As Ciências Sociais são, por fama e proveito, um repositório de má prosa. As excepções à regra (que, em abono da verdade, também não são assim tão raras) costumam estar incluídas em uma de duas categorias: ou os pioneiros, que se anteciparam ao enrodilhanço conceptual e terminológico que eles próprios ajudaram a criar (Marx, por exemplo, que escrevia transtornantemente bem, o sacana); ou os casos extremos de vocação cancelada, como Geertz, que possuem o talento, o humor, e leveza de toque necessários para utilizarem o léxico disciplinar sem serem utilizados por ele, nem caírem na taralhoquice retórica.
José Machado Pais, investigador-coordenador no ICS e um homem bastante mais calvo do que eu, não que isso seja relevante para esta discussão, não cai em nenhuma dessas categorias. Seria incorrecto vir aqui chamar nomes feios à sua prosa (acima de tudo porque Quem sou eu?, não é verdade, além de um diletante com muito mais cabelo que ele), mas proporciona os melhores exemplos que conheço de um maneirismo bastante comum: o abuso impiedoso da metáfora. Quando percebe um quadro metafórico que o titila, Machado Pais nunca mais o larga. Se, para iluminar um qualquer fenómeno social, decide recorrer a uma analogia com uma fábrica de tintas, então o leitor pode estar certo de que, vinte parágrafos e trinta suspiros depois, ainda vai haver baldes da Robialac espalhados pela página.

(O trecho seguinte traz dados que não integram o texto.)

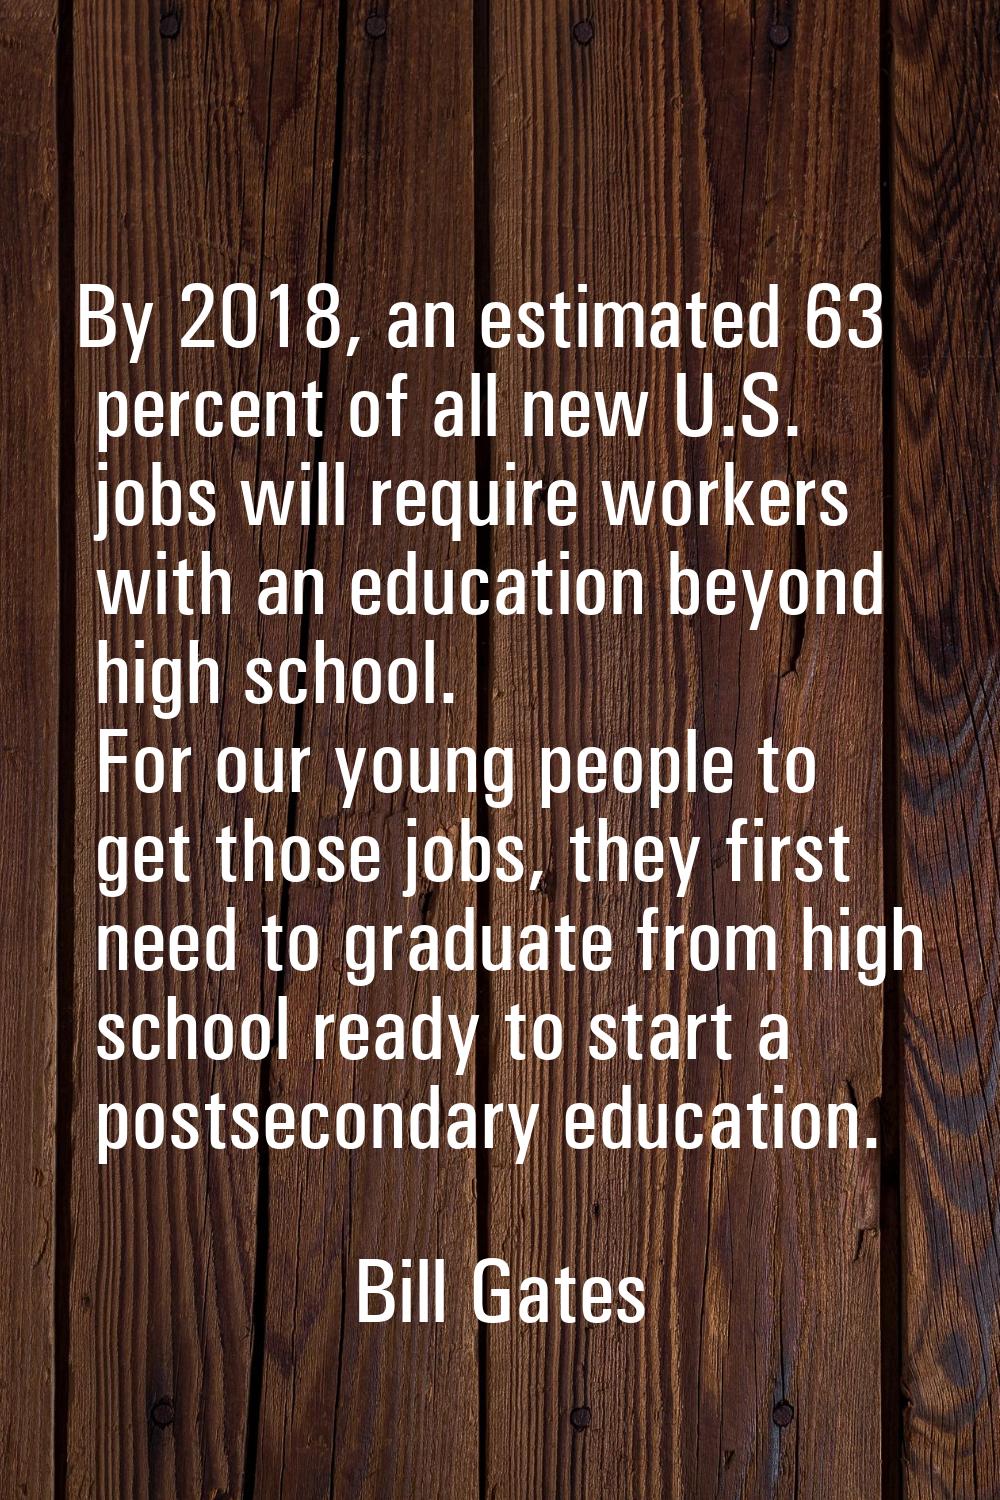 By 2018, an estimated 63 percent of all new U.S. jobs will require workers with an education beyond
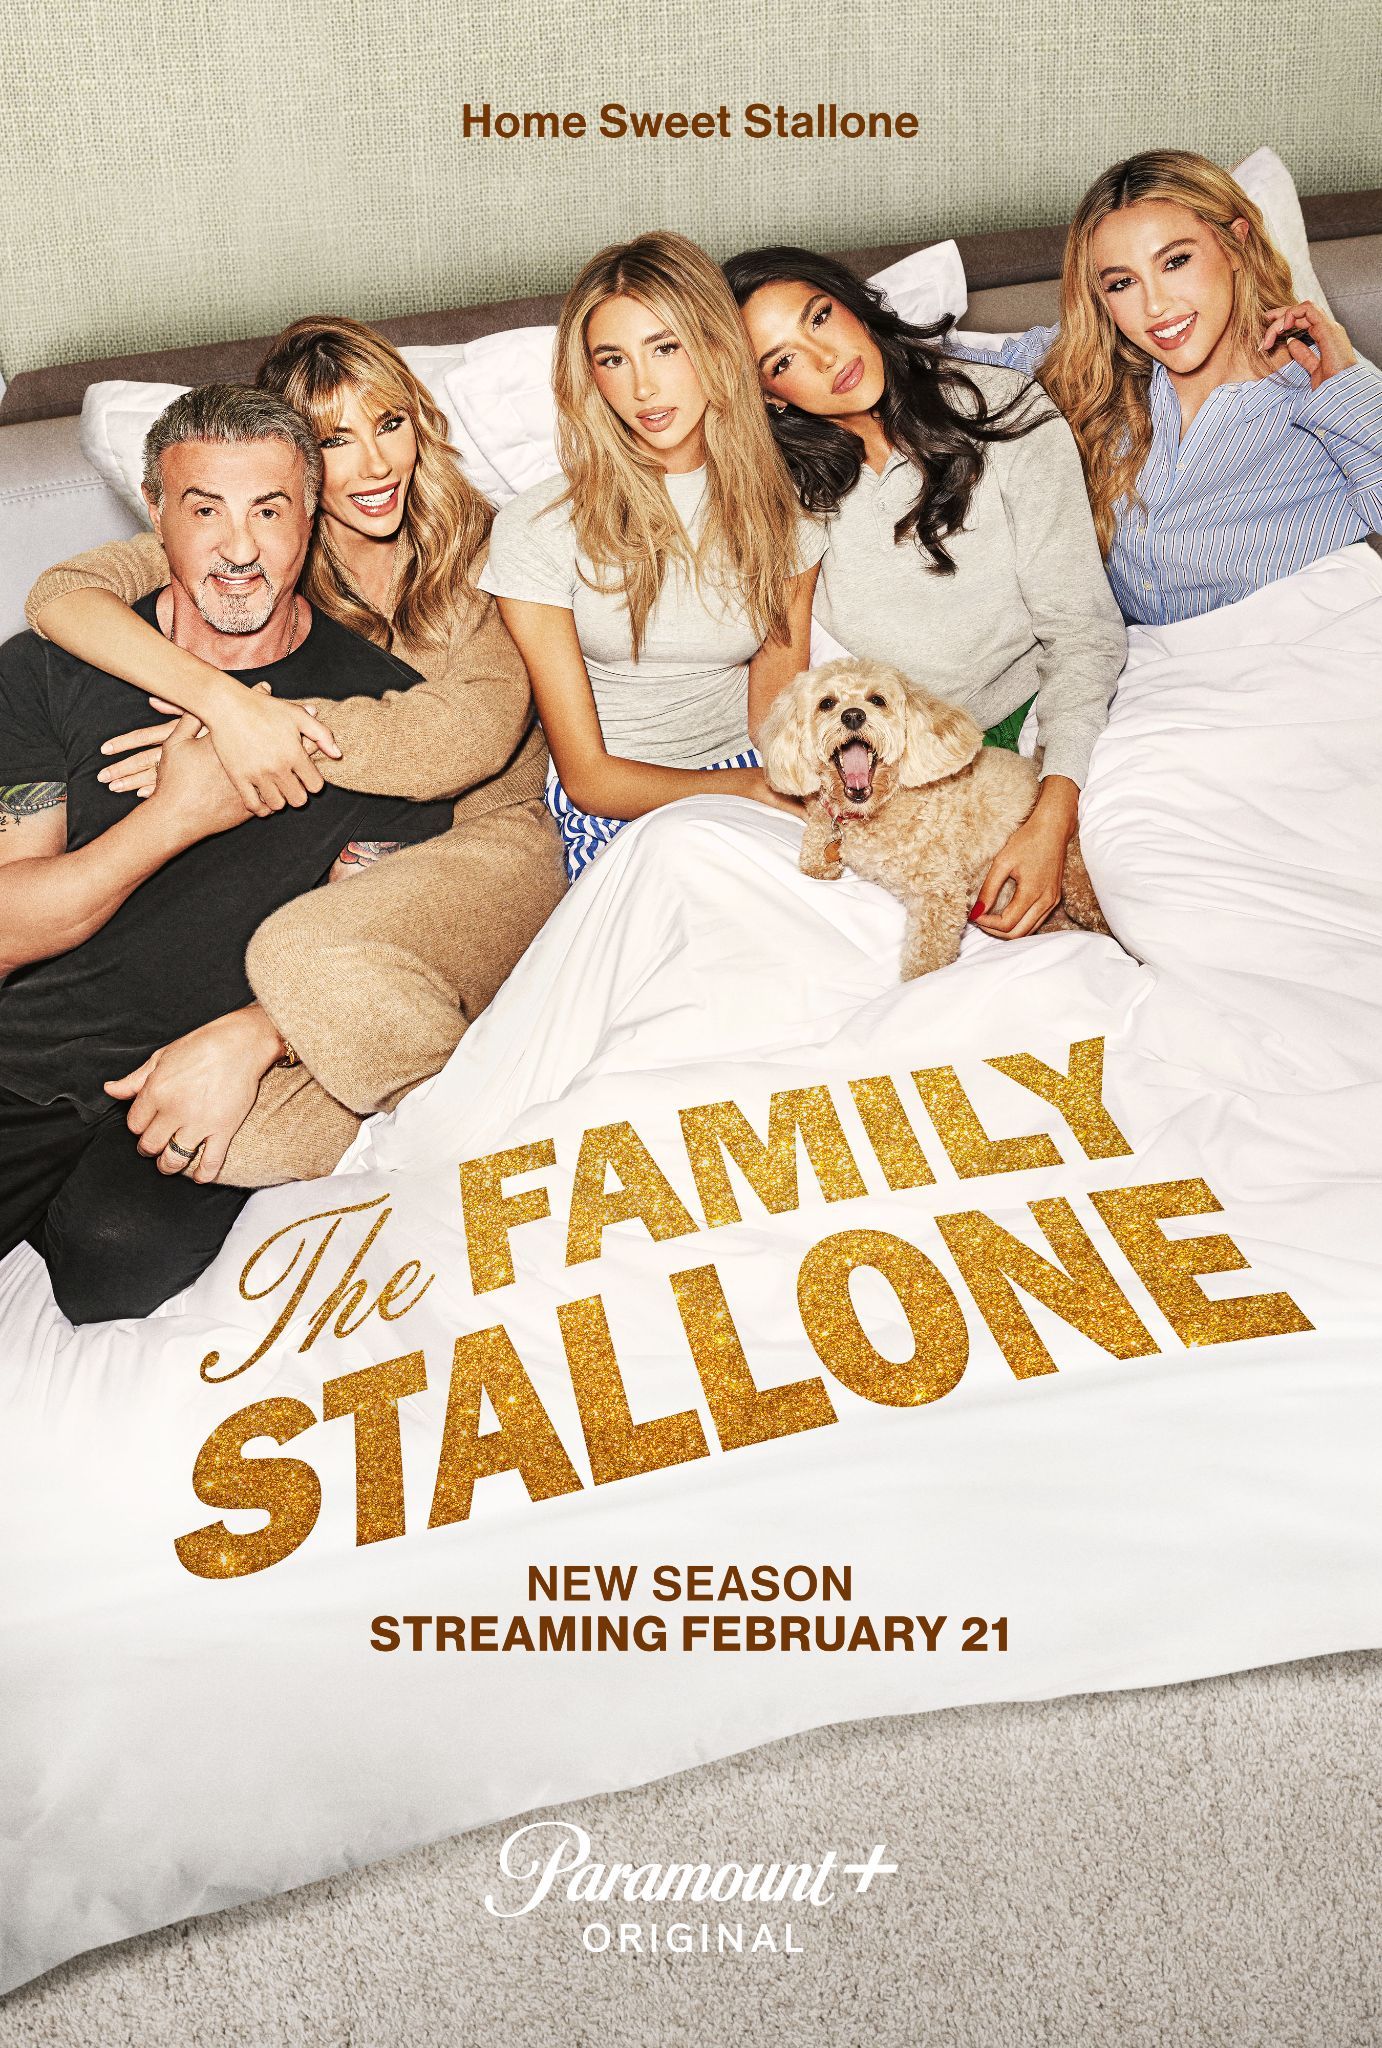 The whole Stallone family pilled in bed together on the poster for The Family Stallone Season 2

No seu "Paradigmas sociológicos na análise da vida quotidiana", que tenho andado a ler por manifesta falta de vida quotidiana própria, detectamos um certo calorzinho pela classe dos insectos. E se, a dada altura, aprendemos que «as interpretações possíveis formigam através de perspectivas e discursos que, apesar de tudo, as disciplinam» então não seremos de todo surpreendidos quando, pouco depois, Machado Pais nos fala «desse formigueiro de interpretações», ou, ainda mais tarde, das «formigas à procura do retórico». Não do açúcar, mas do «retórico». E para que a flora não se sinta retoricamente desenfranchisada em relação à fauna, Machado Pais debruca-se depois sobre as raízes. De que é que se fala? De «delimitar um reportório fixo e simples de aspirações últimas em cuja realização se estimula o conformismo». Qual é a metáfora? Uma de Rubert de Ventós: «um asno anda sempre atrás de uma cenoura com que lhe acenem, mas detém-se frente a um campo cheio delas». Como é que se pode melhorar isto? «Daí a necessidade de redescobrir a cenoura interior». Uma estratégia retórica que permite proceder por iluminação gradual transforma-se assim numa involuntária redução ao absurdo. Pelo menos creio que é involuntária. Nunca se sabe, com este pessoal das cenouras interiores.